DATA BLOCK —
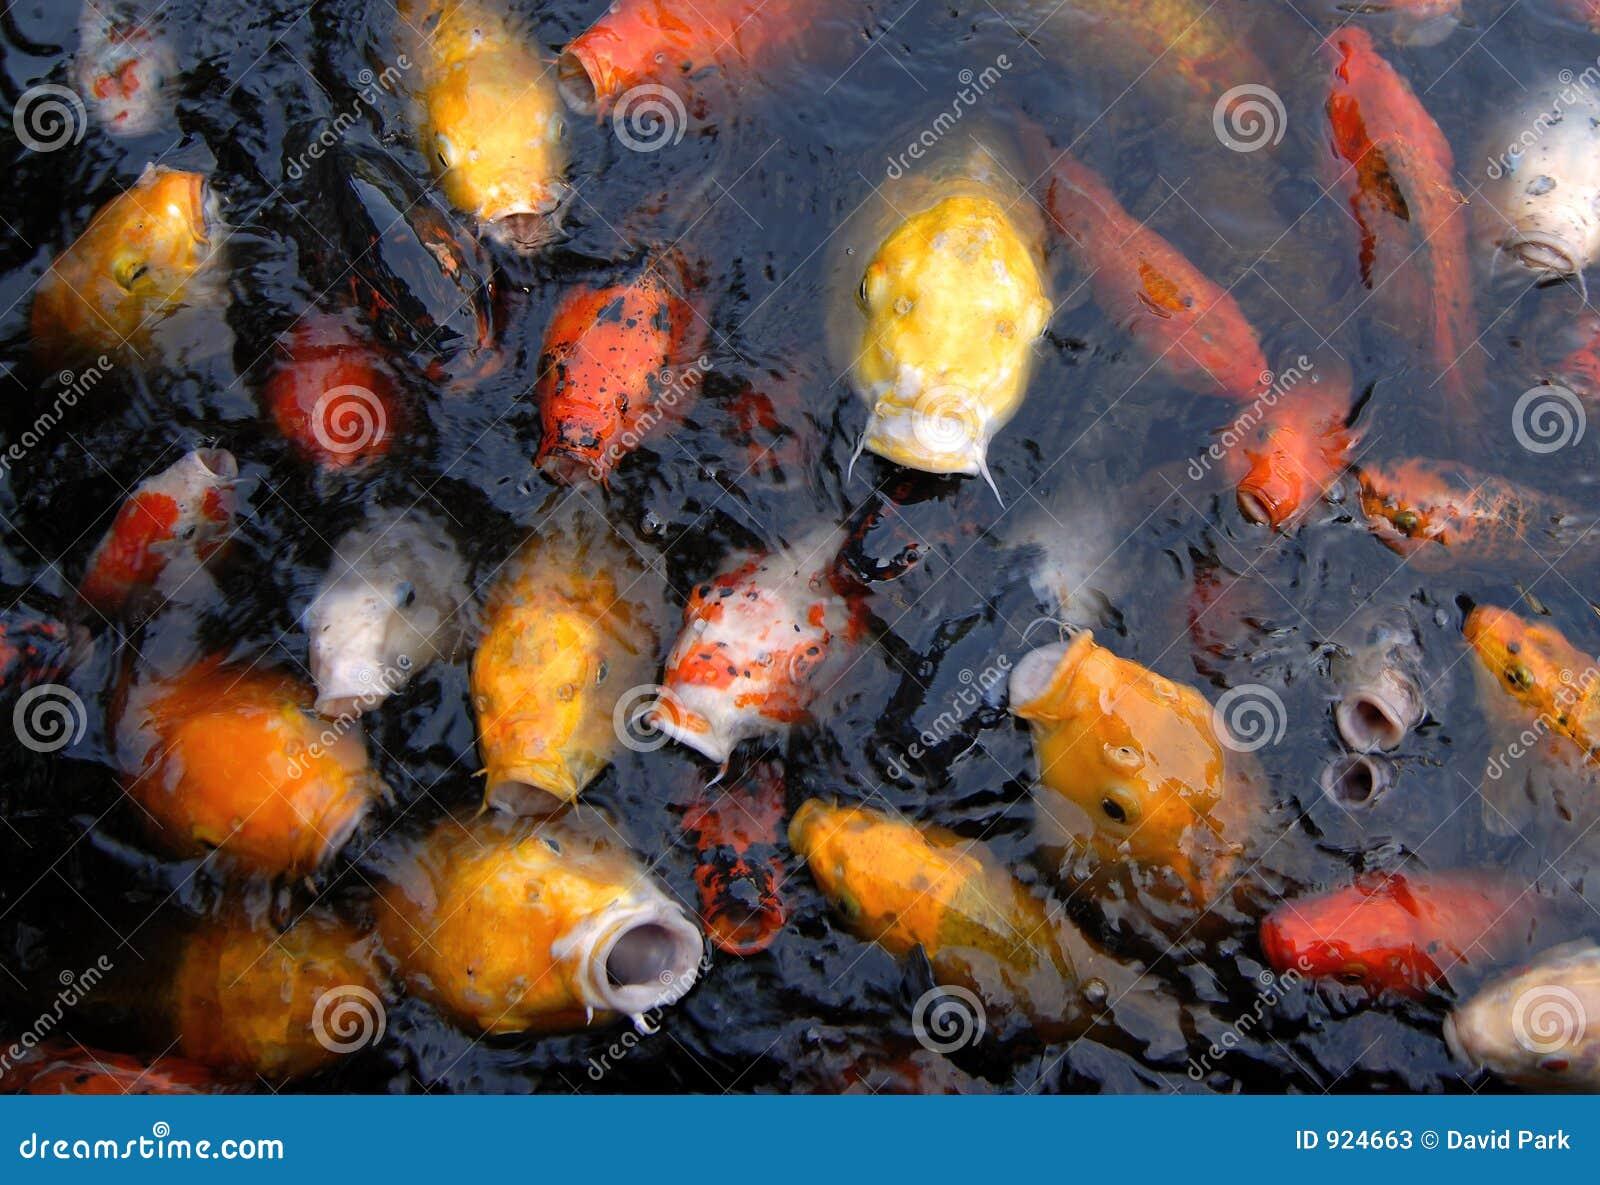 Fish feeding frenzy stock photos image 924663 for Feeding frenzy fish
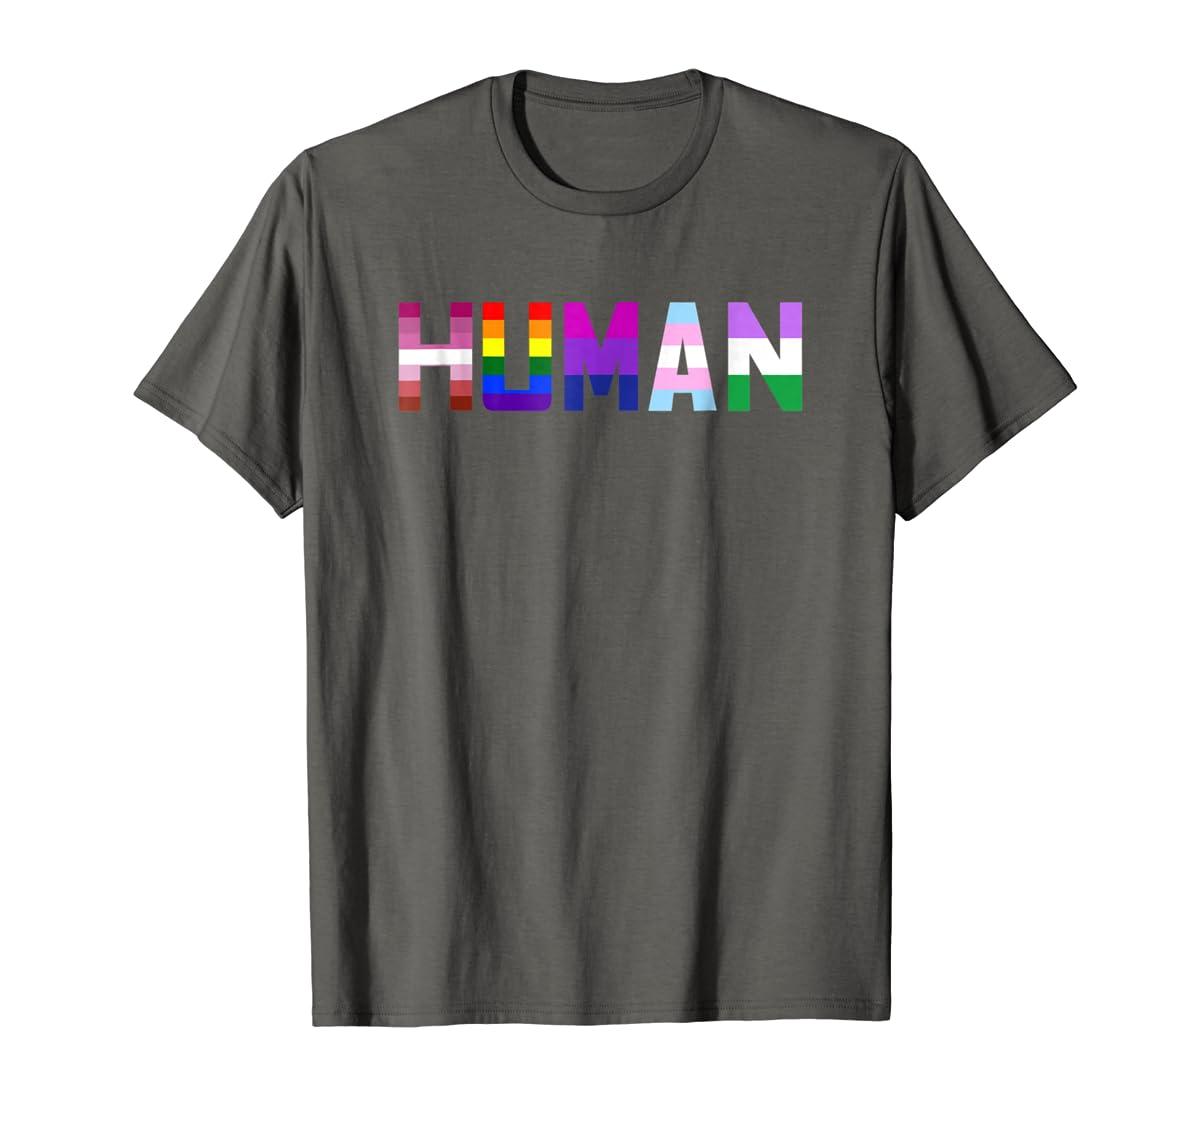 HUMAN Flag LGBT Gay Pride Month Transgender Ally T Shirt-Men's T-Shirt-Dark Heather
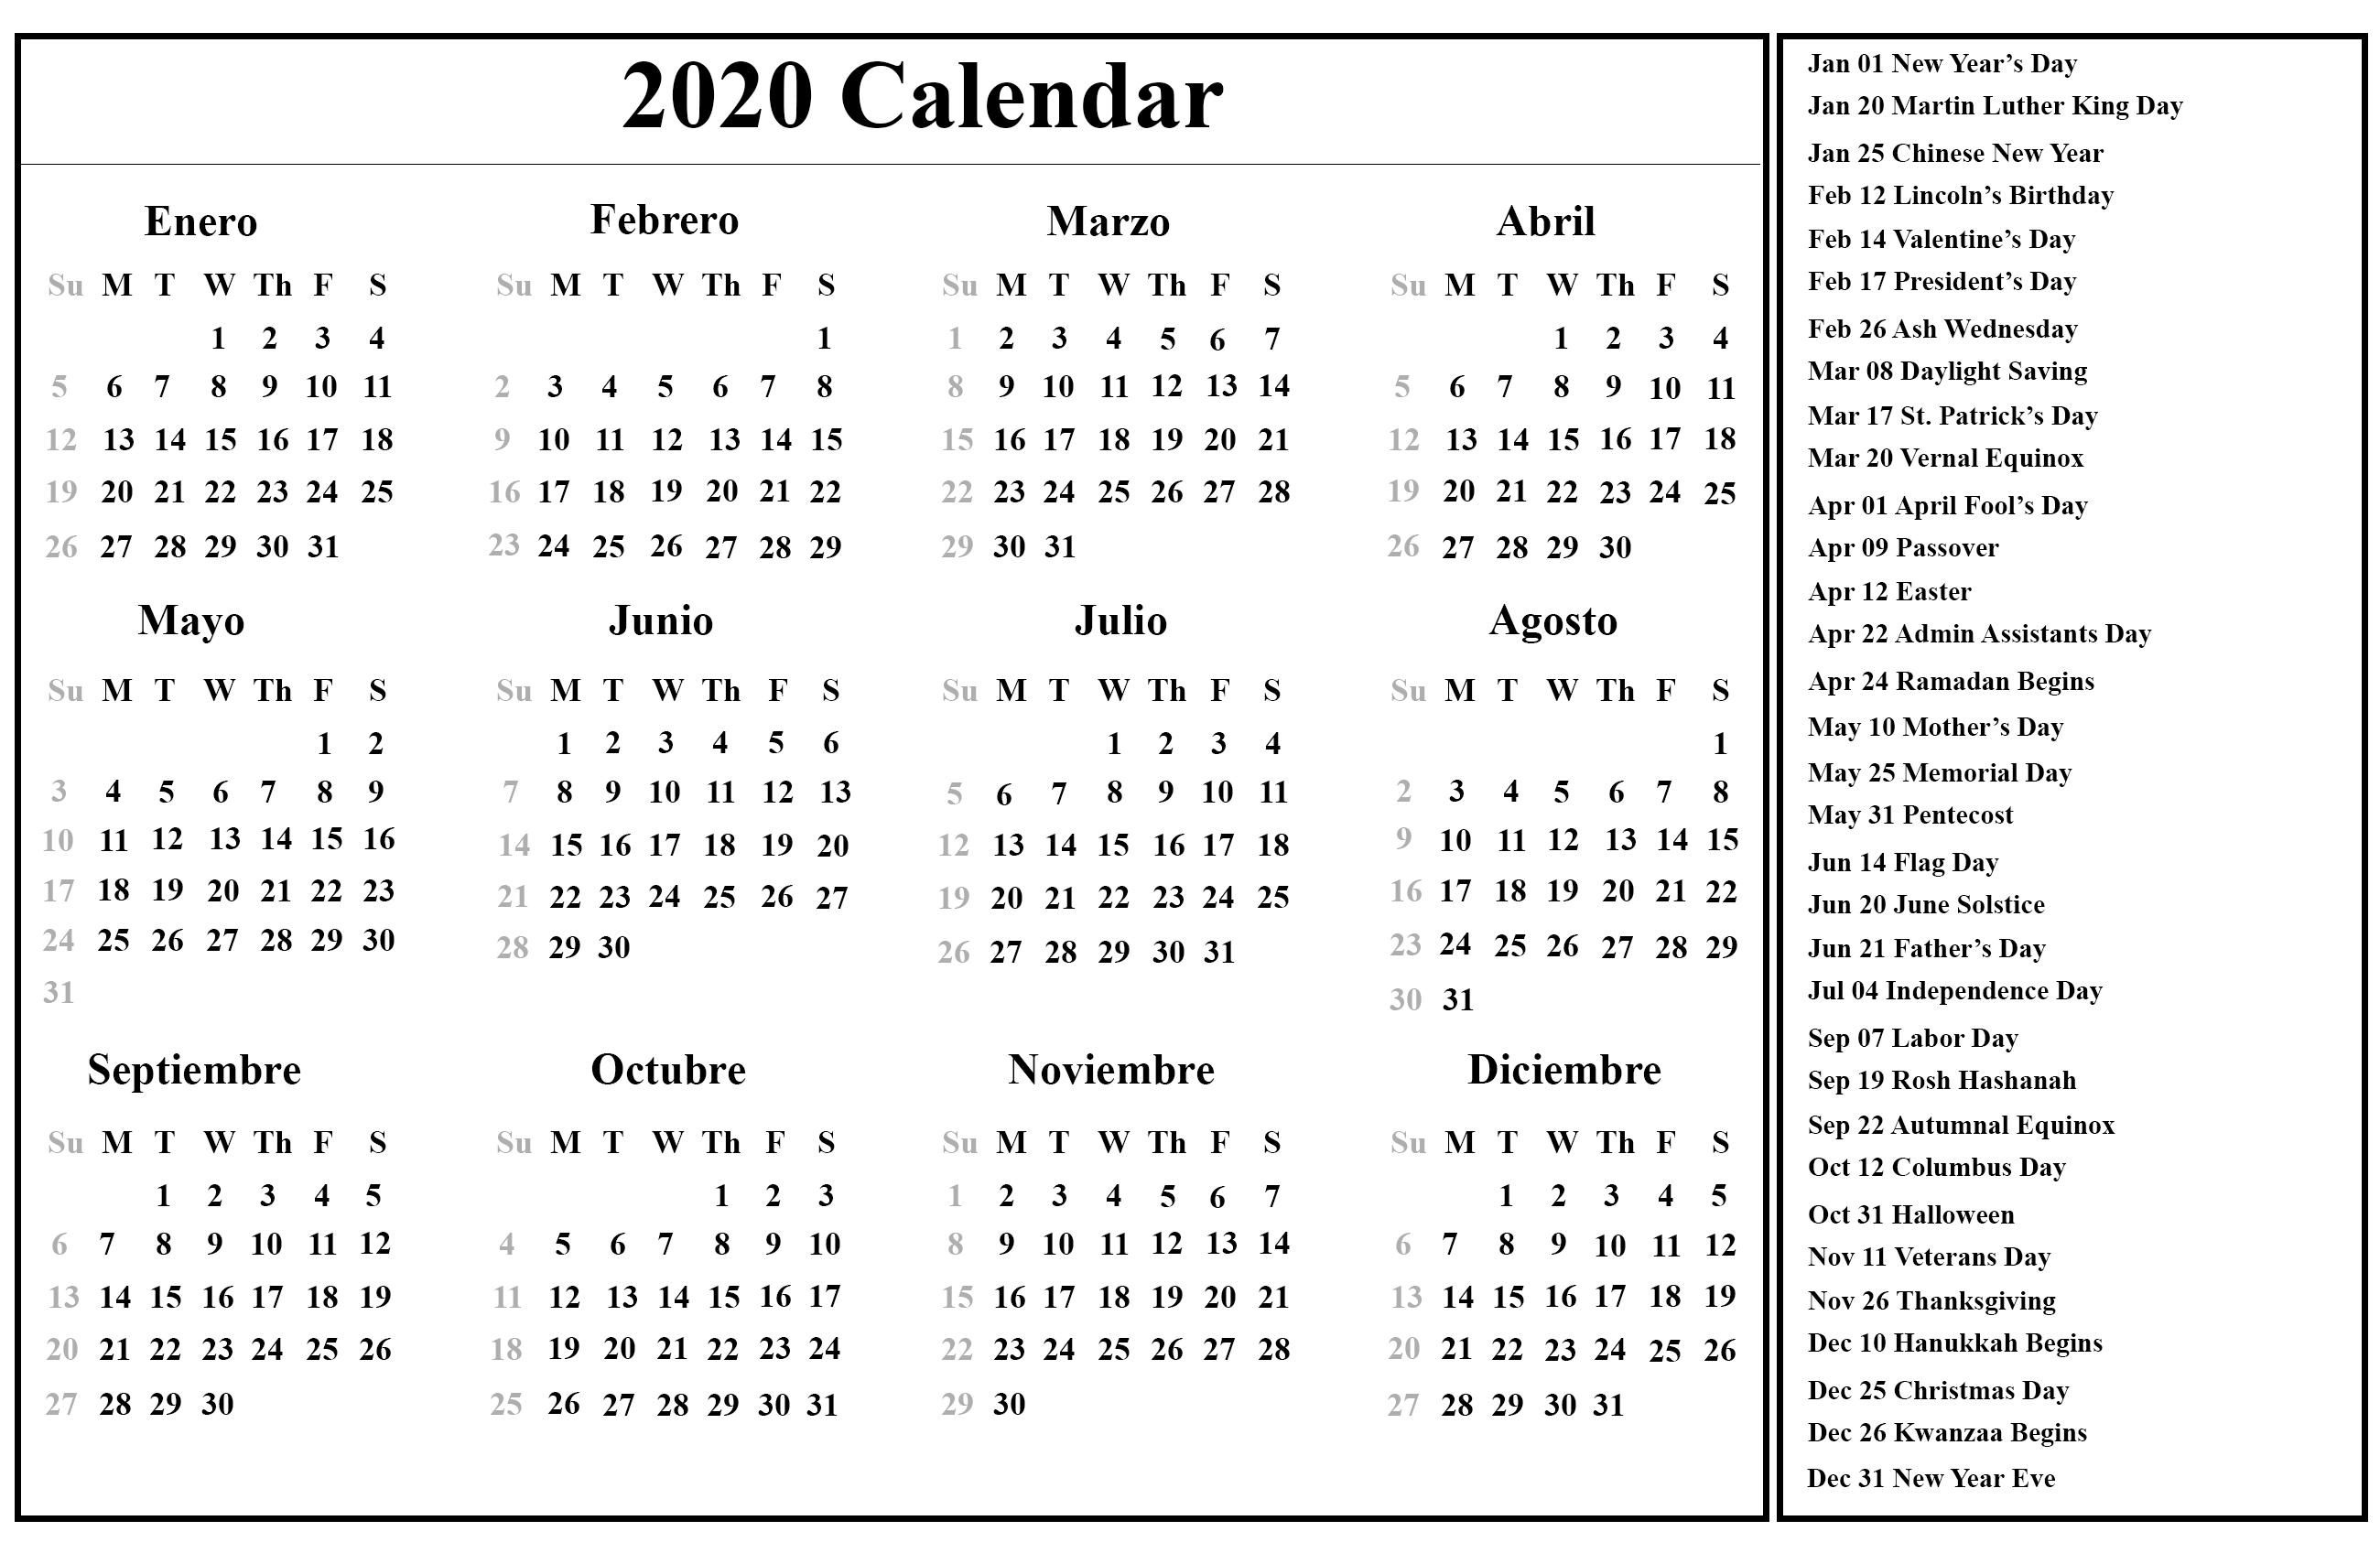 Free Printable Spanish Calendar 2020 | 2020 Calendario

TASK PROMPT — Each line from the one containing "HUMAN Flag LGBT" through the last line of the listing is to be given again exactly, with no pictures and no other lines.

SOLUTION FOR THIS PROBLEM —
 HUMAN Flag LGBT Gay Pride Month Transgender Ally T Shirt-Men's T-Shirt-Dark Heather
 Free Printable Spanish Calendar 2020 | 2020 Calendario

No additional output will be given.